§ **What to do**: Write the data out again, character for character, with no images.

§ **Information supplied**:

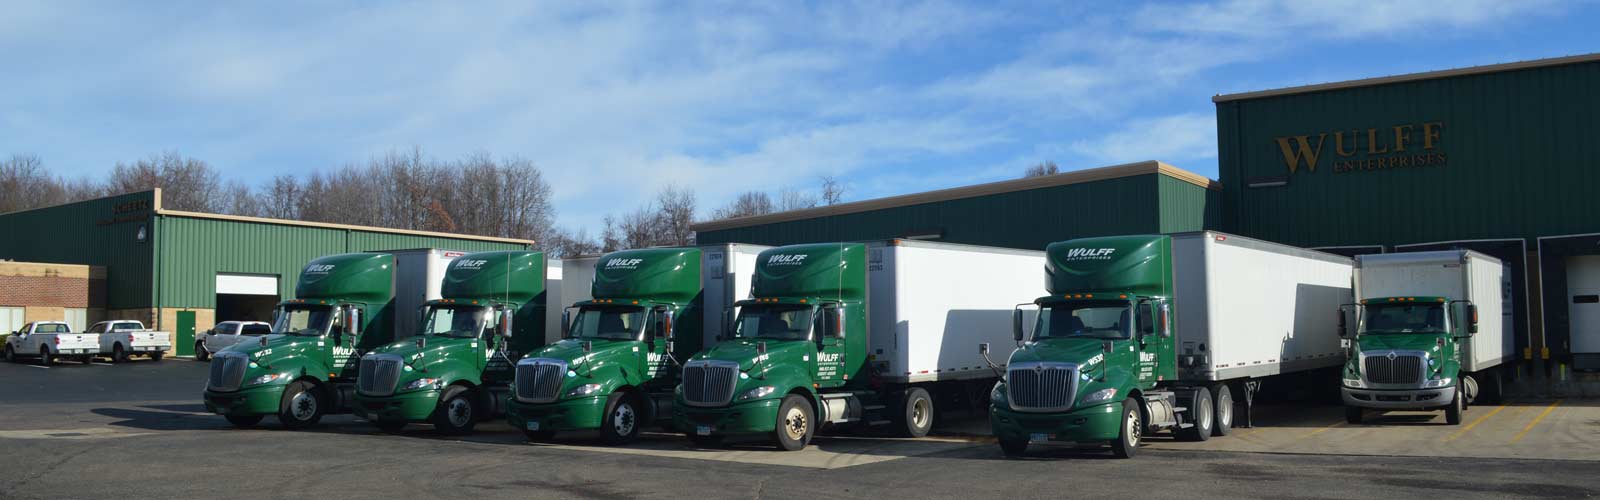 Four Wulff Enterprise tractor-trailers with Wulff logos on cabs.
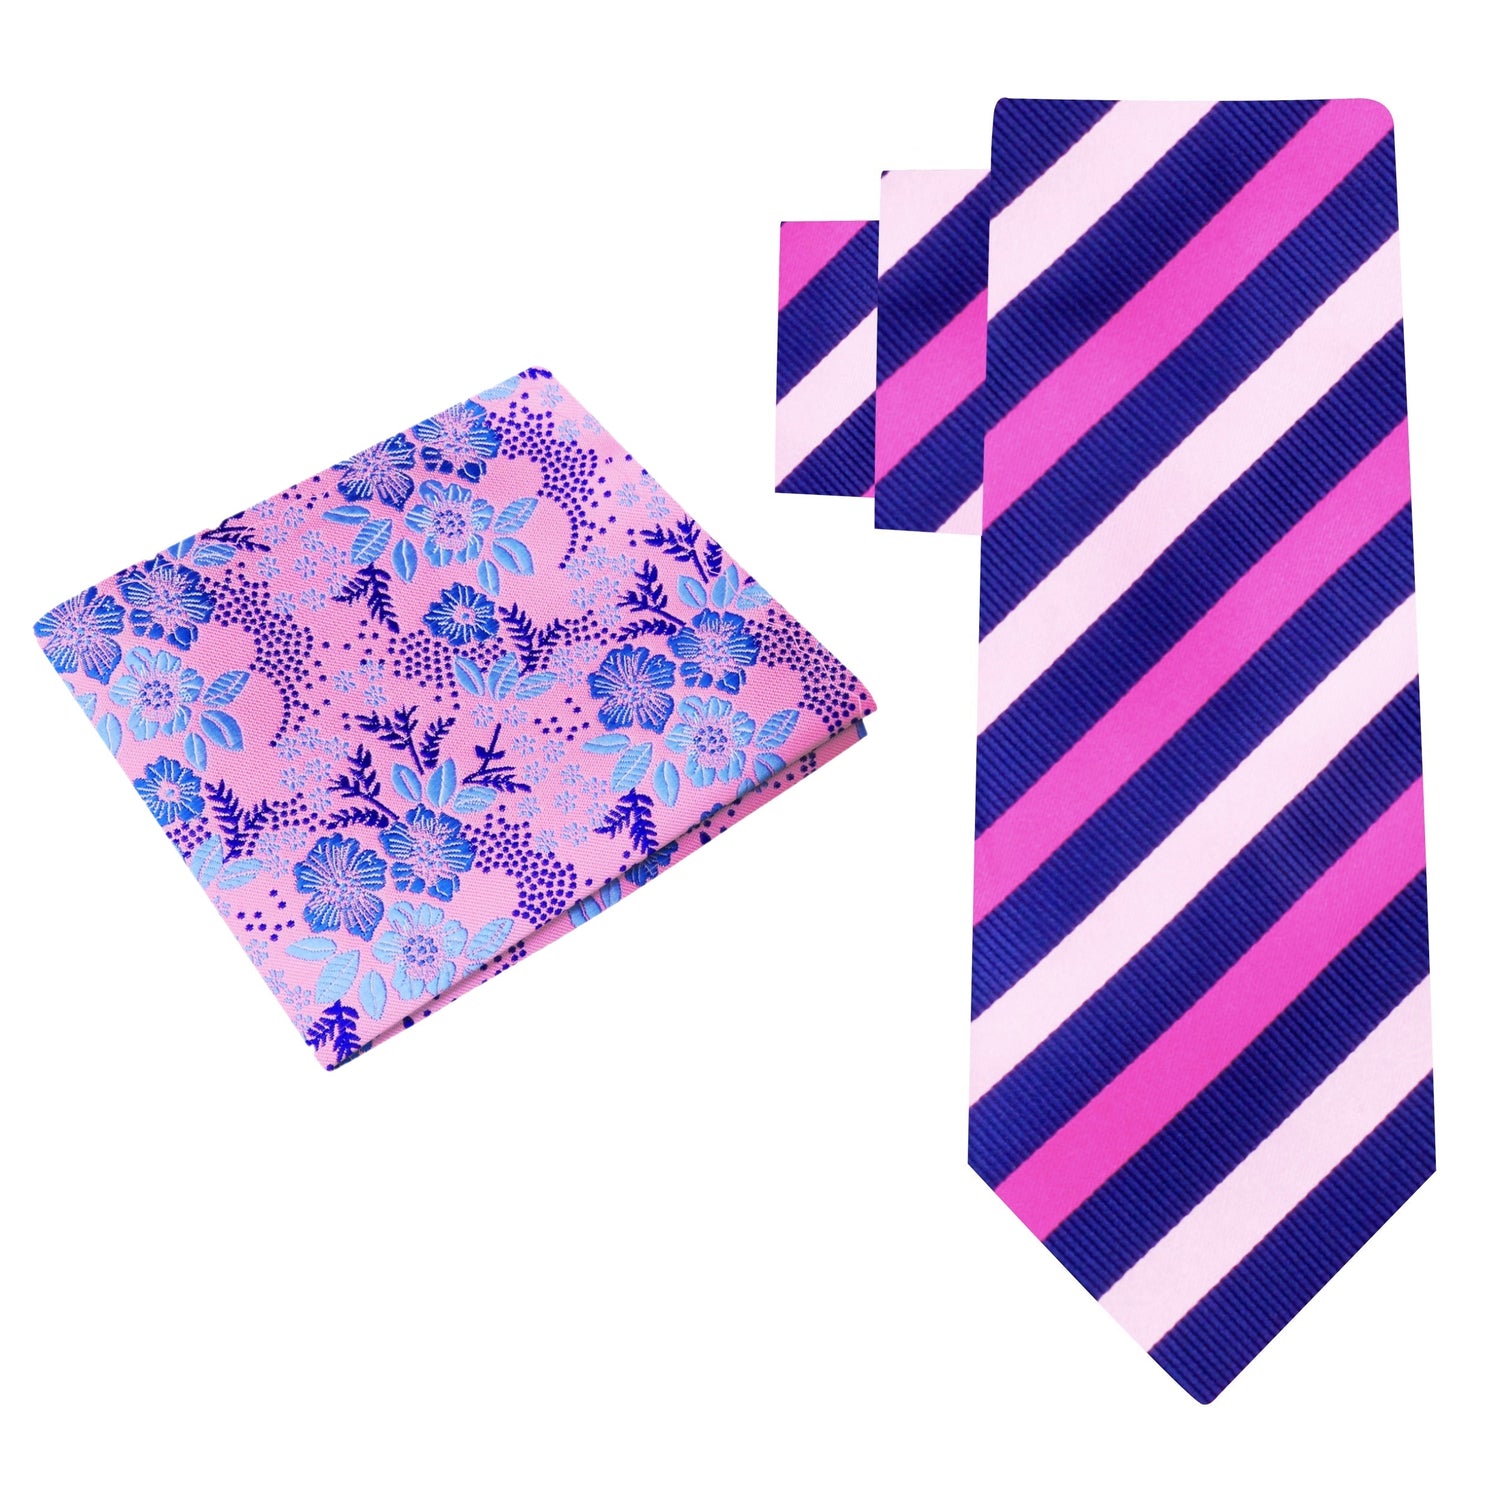 Alt View: Blue with Shades of Pink Stripe Necktie and Pink Blue Floral Square
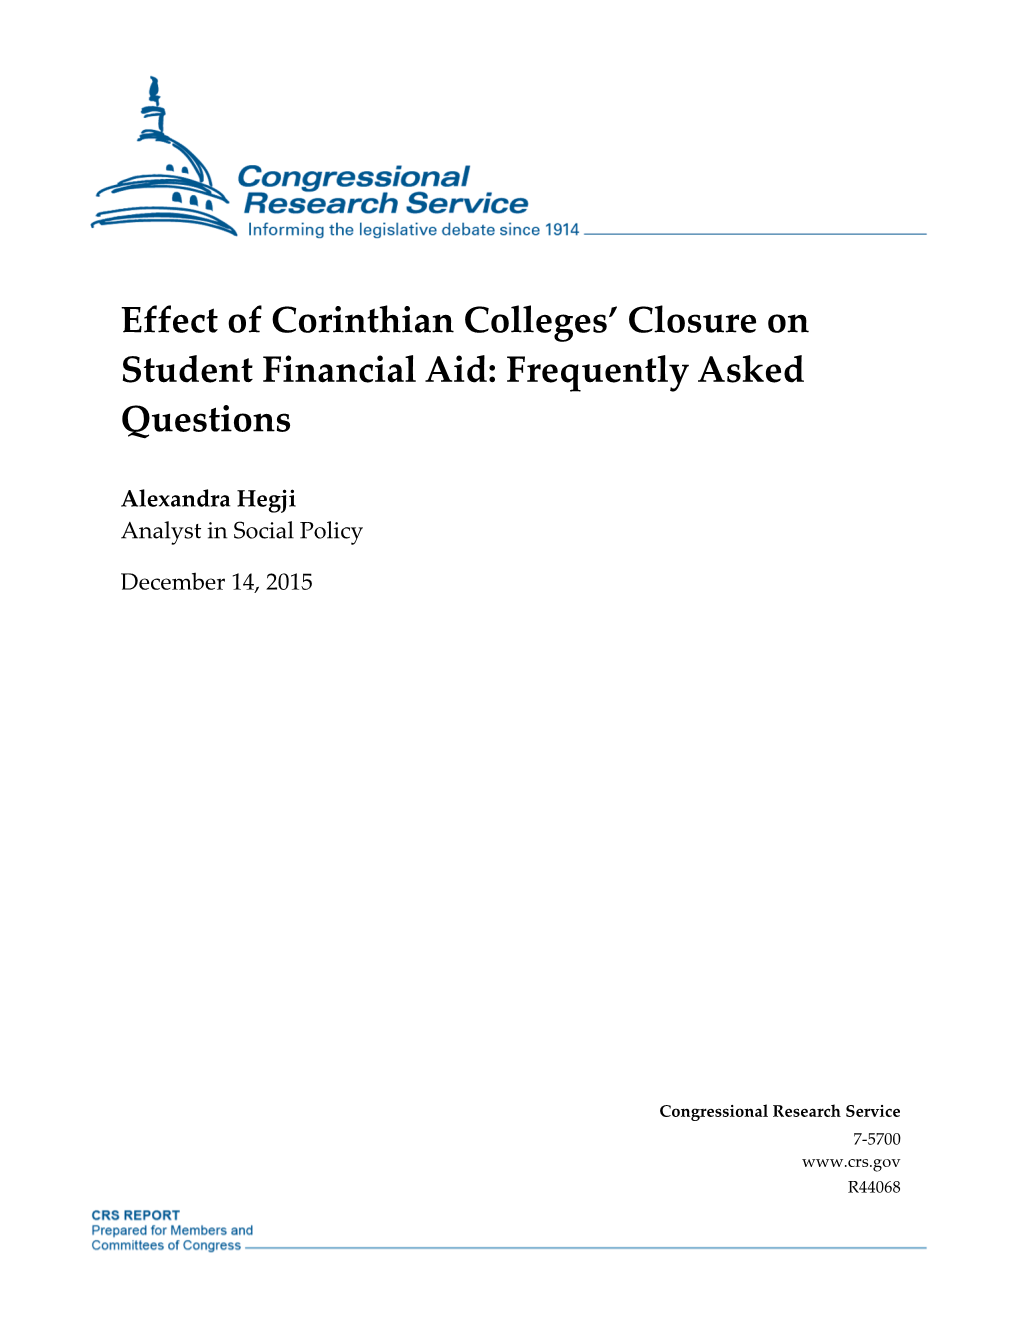 Effect of Corinthian Colleges' Closure on Student Financial

§ **Written solution**:
 Four Wulff Enterprise tractor-trailers with Wulff logos on cabs.
 Alt View: Blue with Shades of Pink Stripe Necktie and Pink Blue Floral Square
 Effect of Corinthian Colleges' Closure on Student Financial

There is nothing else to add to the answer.